[INPUT MATERIAL — start]

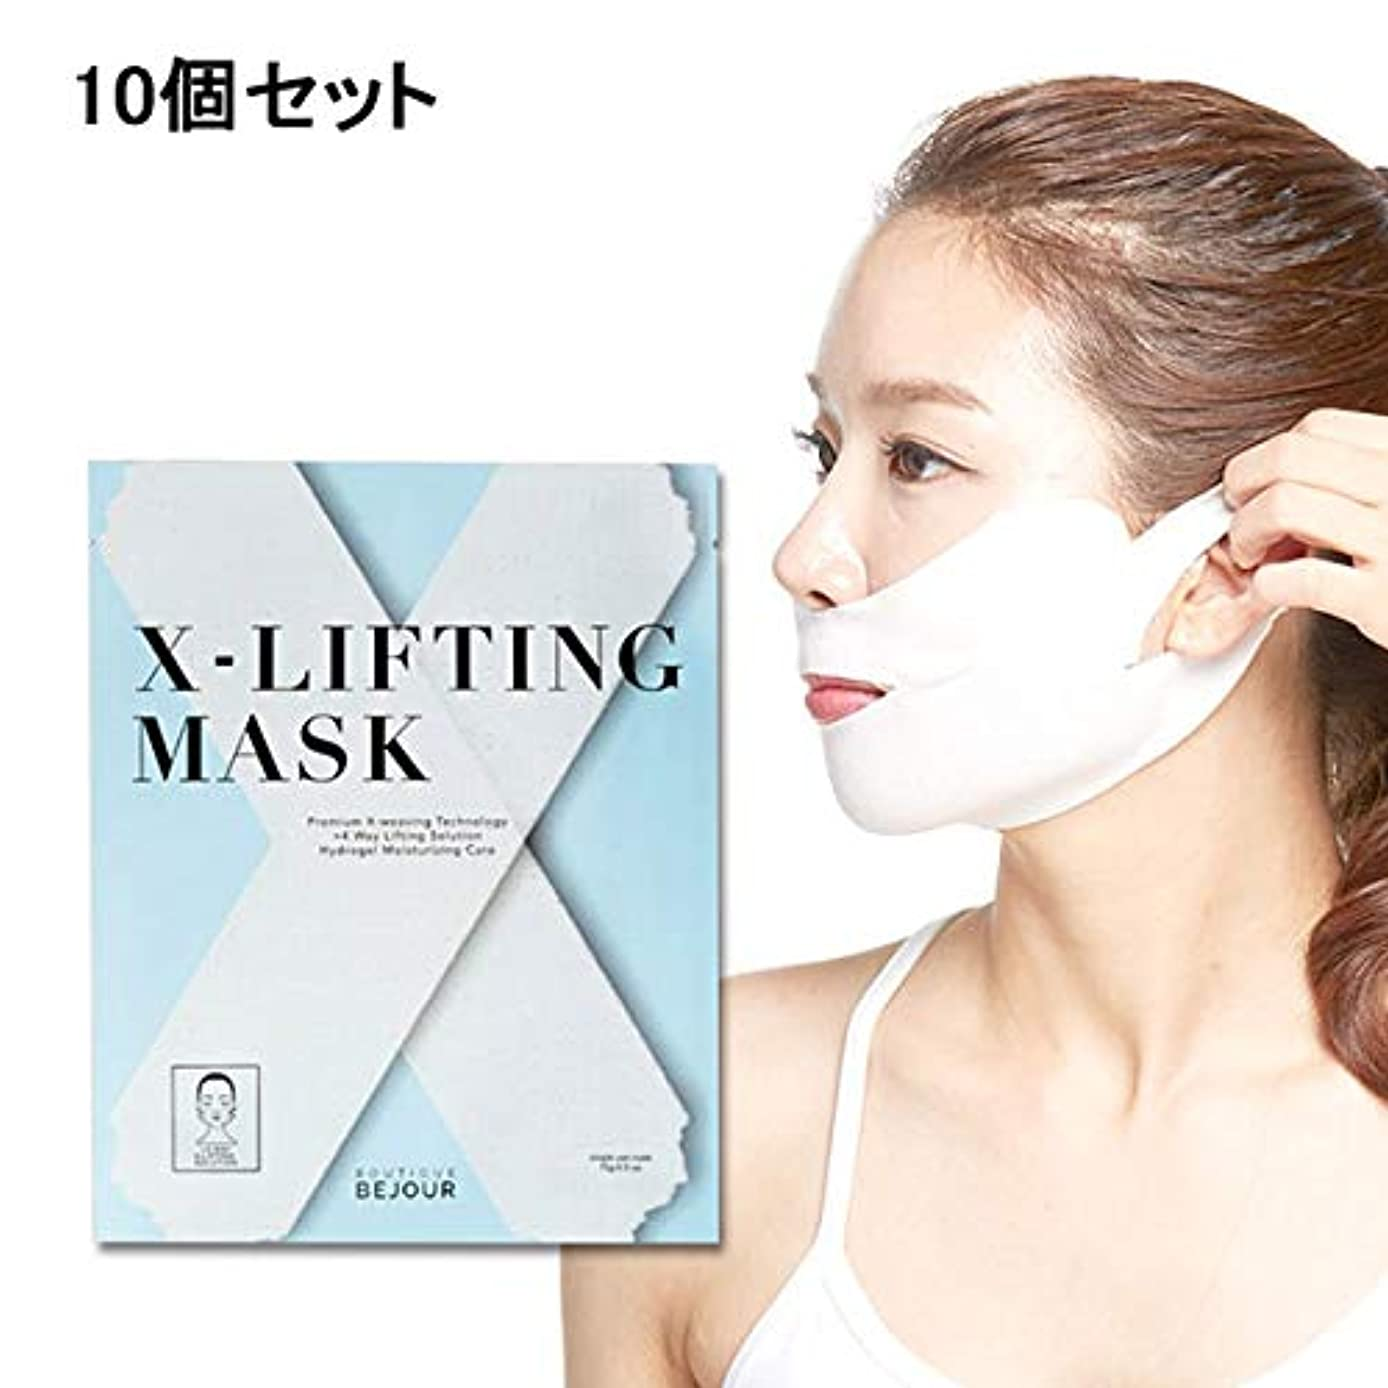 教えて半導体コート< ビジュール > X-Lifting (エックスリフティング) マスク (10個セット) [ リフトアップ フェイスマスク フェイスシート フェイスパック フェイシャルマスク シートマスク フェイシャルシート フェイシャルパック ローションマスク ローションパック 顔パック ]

[INPUT MATERIAL — finish]
[INPUT MATERIAL — start]

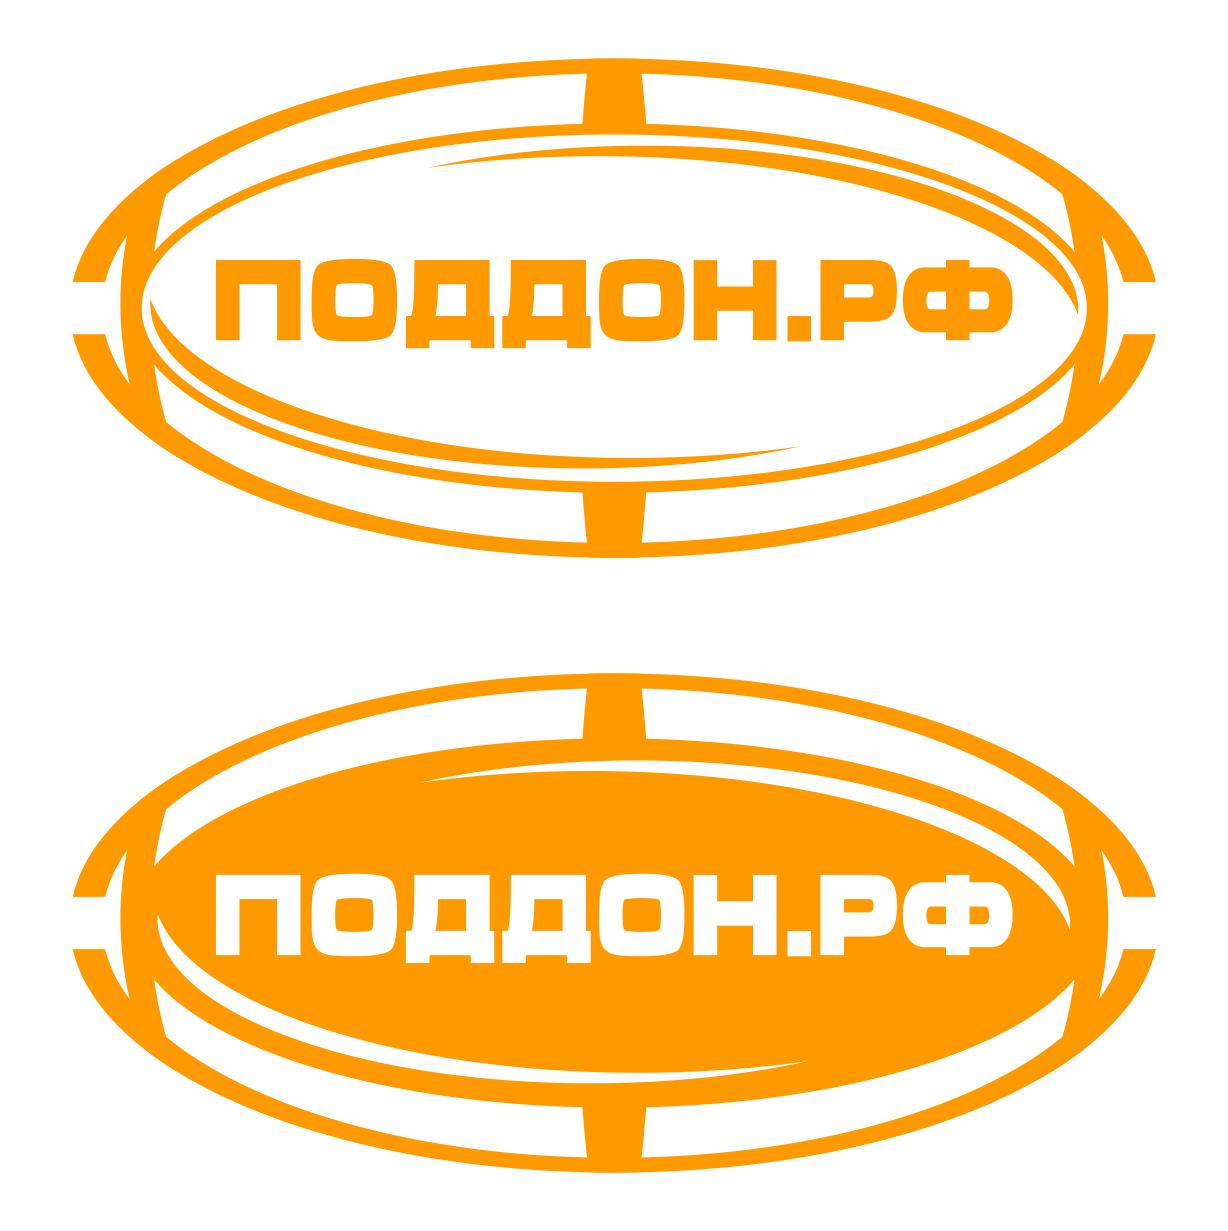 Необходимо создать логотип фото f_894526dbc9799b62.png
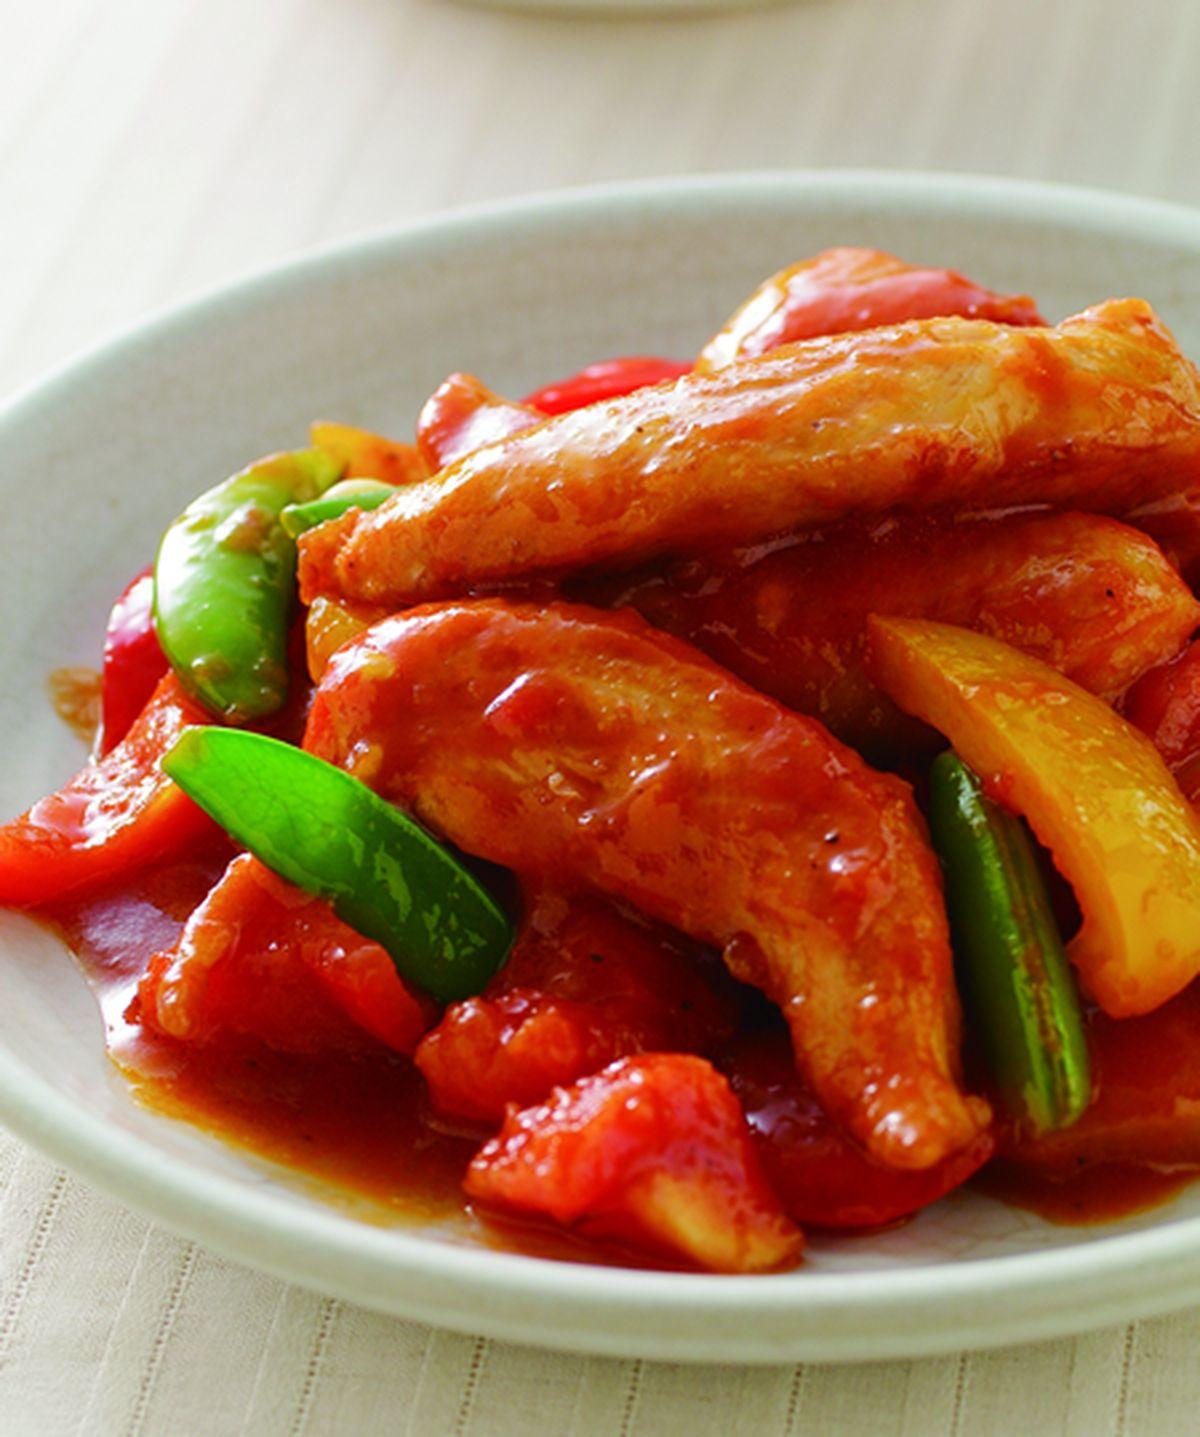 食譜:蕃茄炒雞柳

[INPUT MATERIAL — finish]
[INPUT MATERIAL — start]

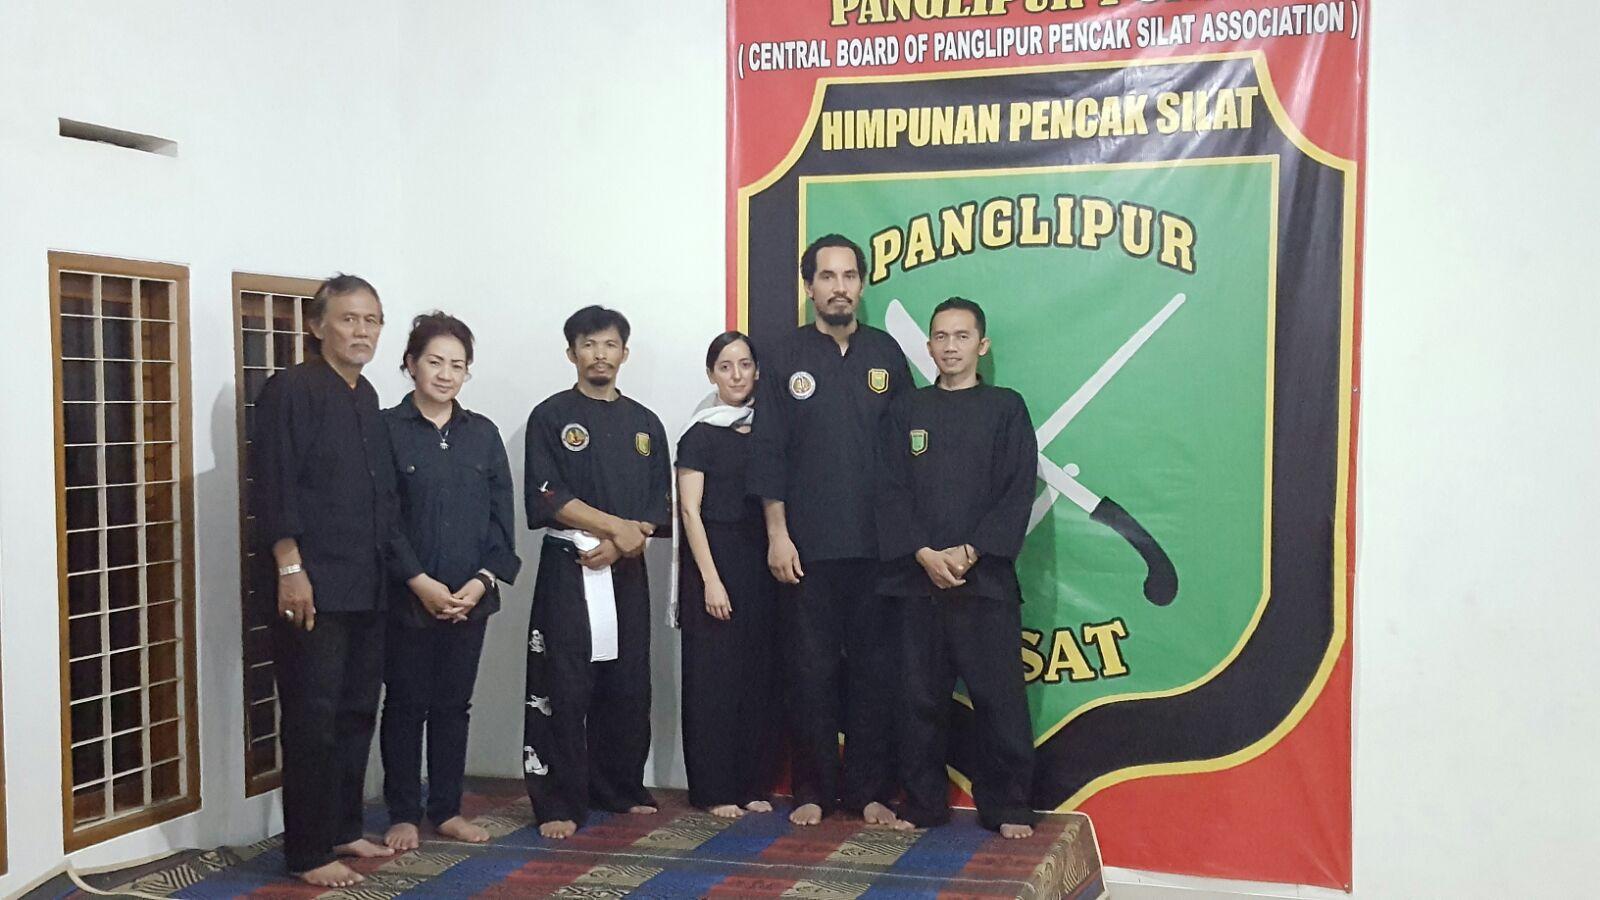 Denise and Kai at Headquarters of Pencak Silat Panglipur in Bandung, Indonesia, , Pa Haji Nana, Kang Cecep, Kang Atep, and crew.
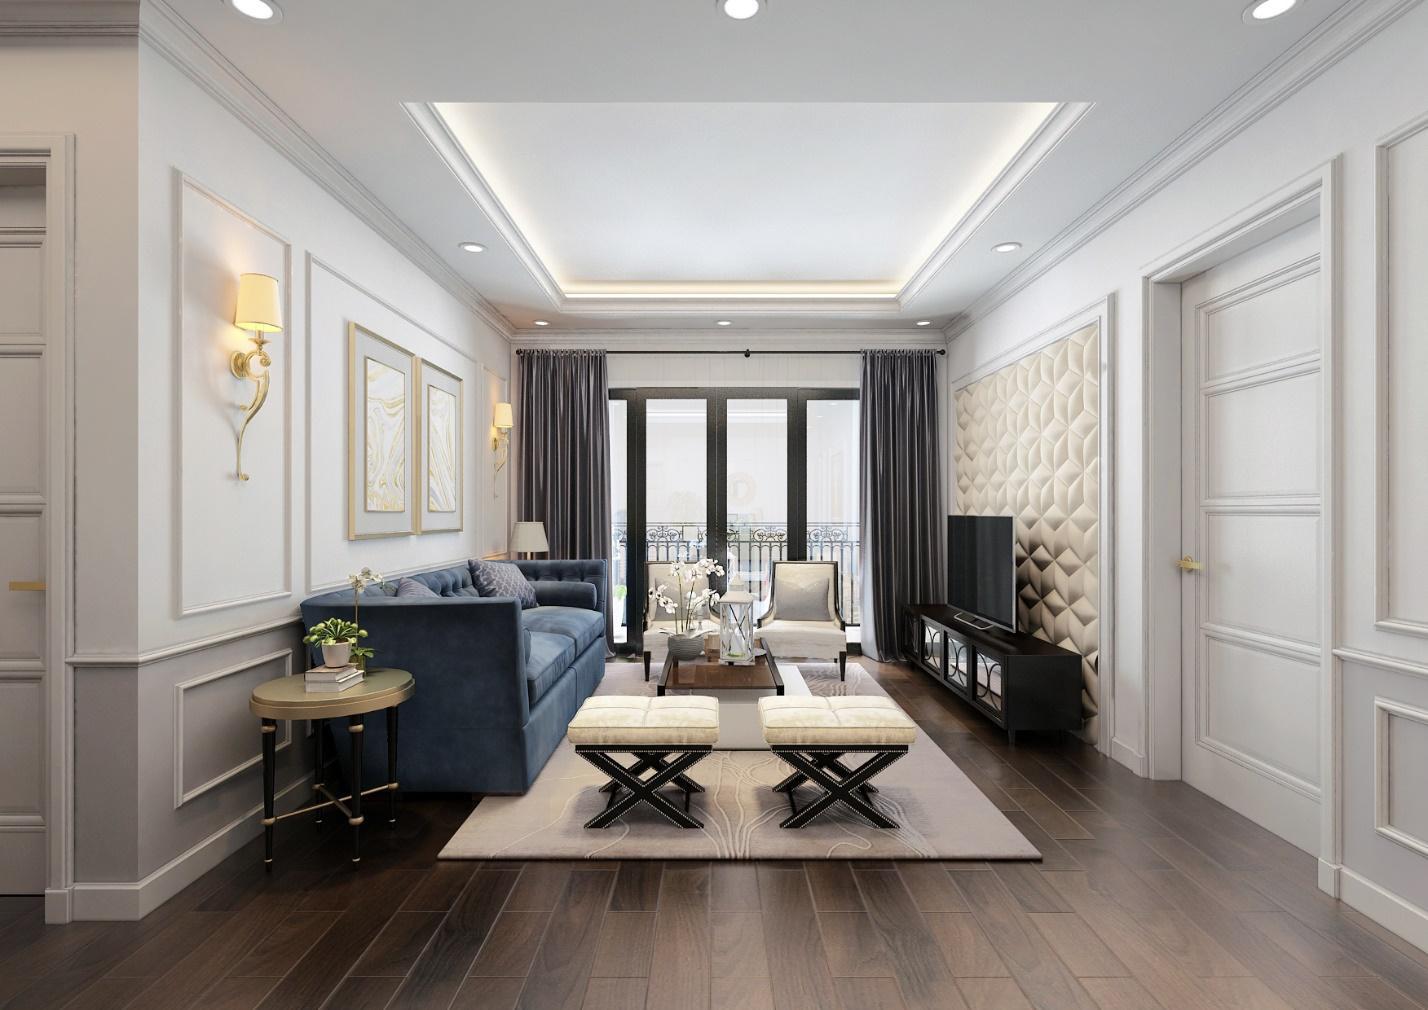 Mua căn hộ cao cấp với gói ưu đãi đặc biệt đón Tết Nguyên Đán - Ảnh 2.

[INPUT MATERIAL — finish]

Would you write out exactly the lines above, starting at the line containing "Denise and Kai" and stopping after the line containing "Mua căn hộ cao"? Omit the pictures.

SOLVED PROBLEM>
 Denise and Kai at Headquarters of Pencak Silat Panglipur in Bandung, Indonesia, , Pa Haji Nana, Kang Cecep, Kang Atep, and crew.
 Mua căn hộ cao cấp với gói ưu đãi đặc biệt đón Tết Nguyên Đán - Ảnh 2.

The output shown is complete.